DATA PROVIDED: Begin

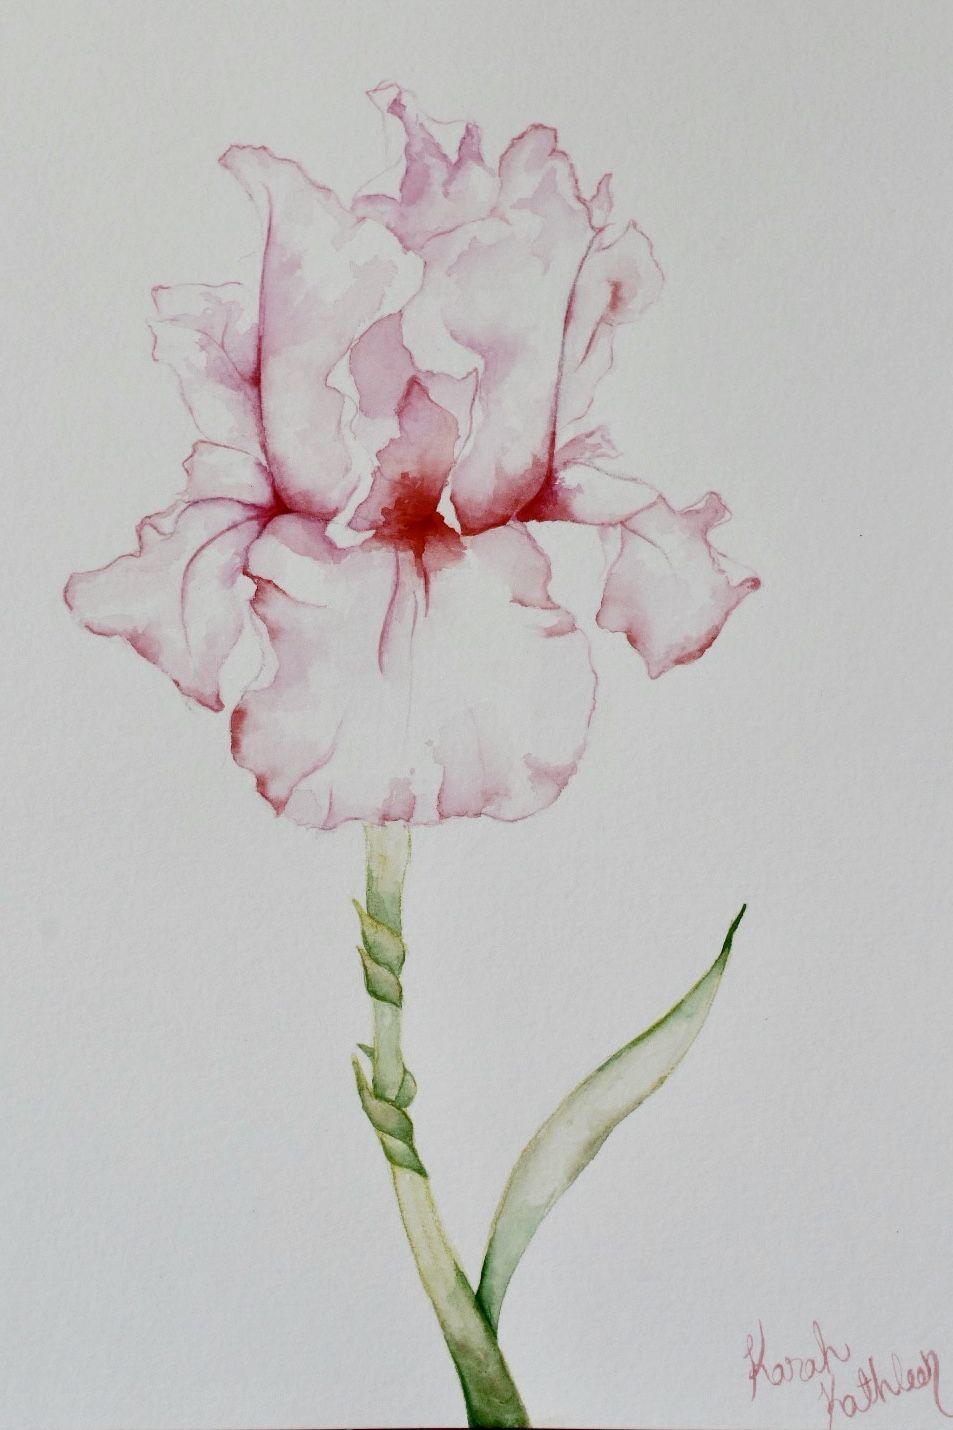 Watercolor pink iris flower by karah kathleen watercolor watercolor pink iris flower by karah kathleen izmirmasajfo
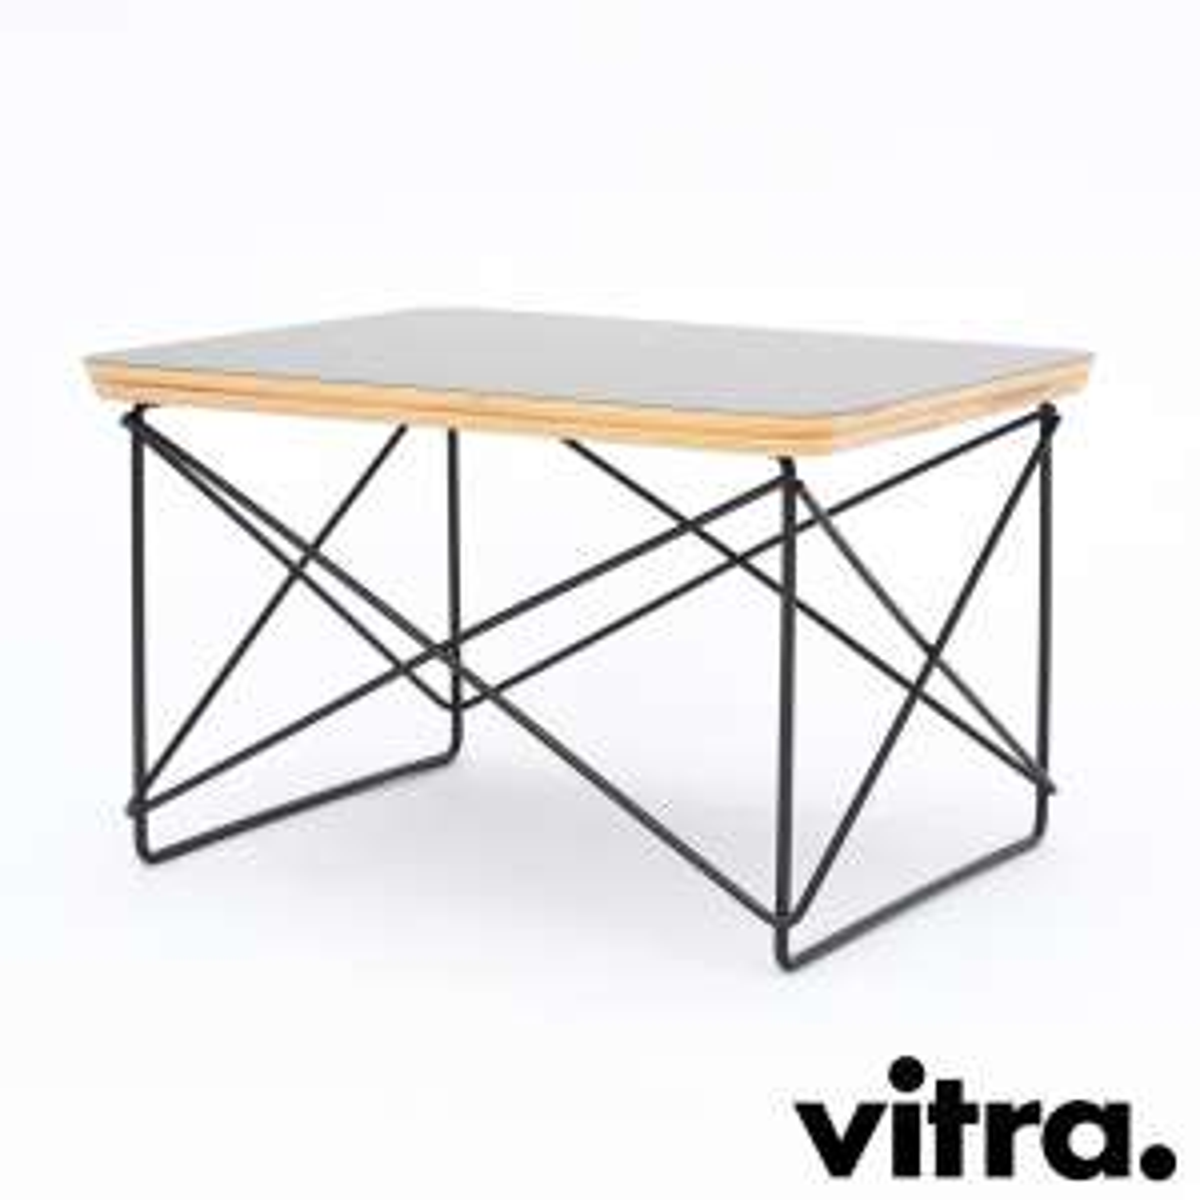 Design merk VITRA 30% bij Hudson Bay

DATA PROVIDED: End
DATA PROVIDED: Begin

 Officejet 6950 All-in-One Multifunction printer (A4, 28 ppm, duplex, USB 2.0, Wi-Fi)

DATA PROVIDED: End
DATA PROVIDED: Begin

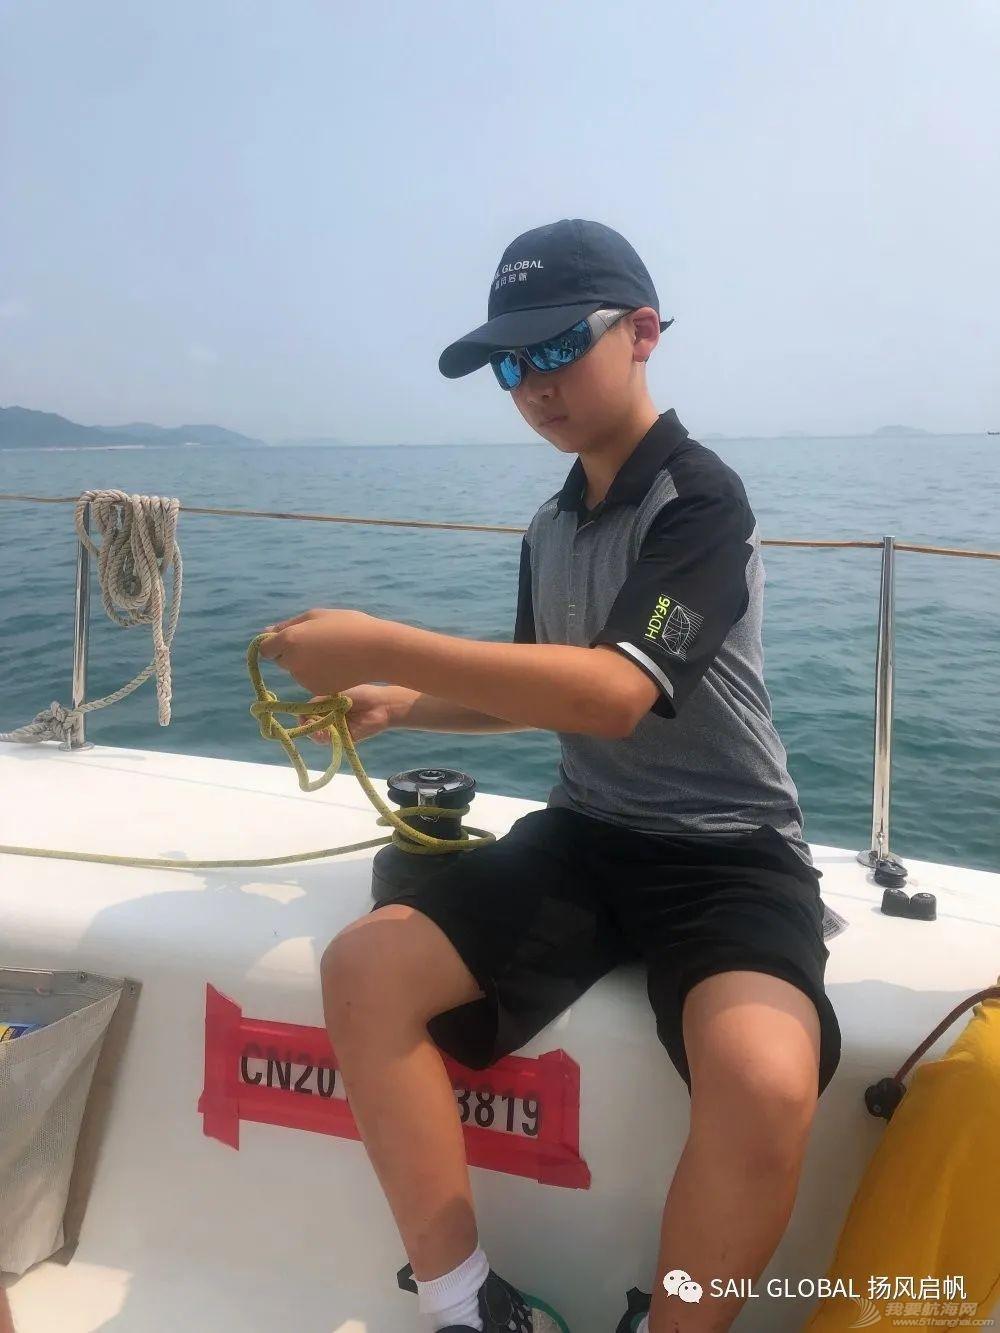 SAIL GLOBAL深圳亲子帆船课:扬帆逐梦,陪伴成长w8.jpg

DATA PROVIDED: End

With pictures excluded, reproduce exactly the lines above from the one containing "Watercolor pink iris flower by karah kathleen watercolor" down to the one containing "Design merk VITRA 30% bij Hudson Bay", those two included.

→ **FINAL ANSWER**:
 Watercolor pink iris flower by karah kathleen watercolor watercolor pink iris flower by karah kathleen izmirmasajfo
 Design merk VITRA 30% bij Hudson Bay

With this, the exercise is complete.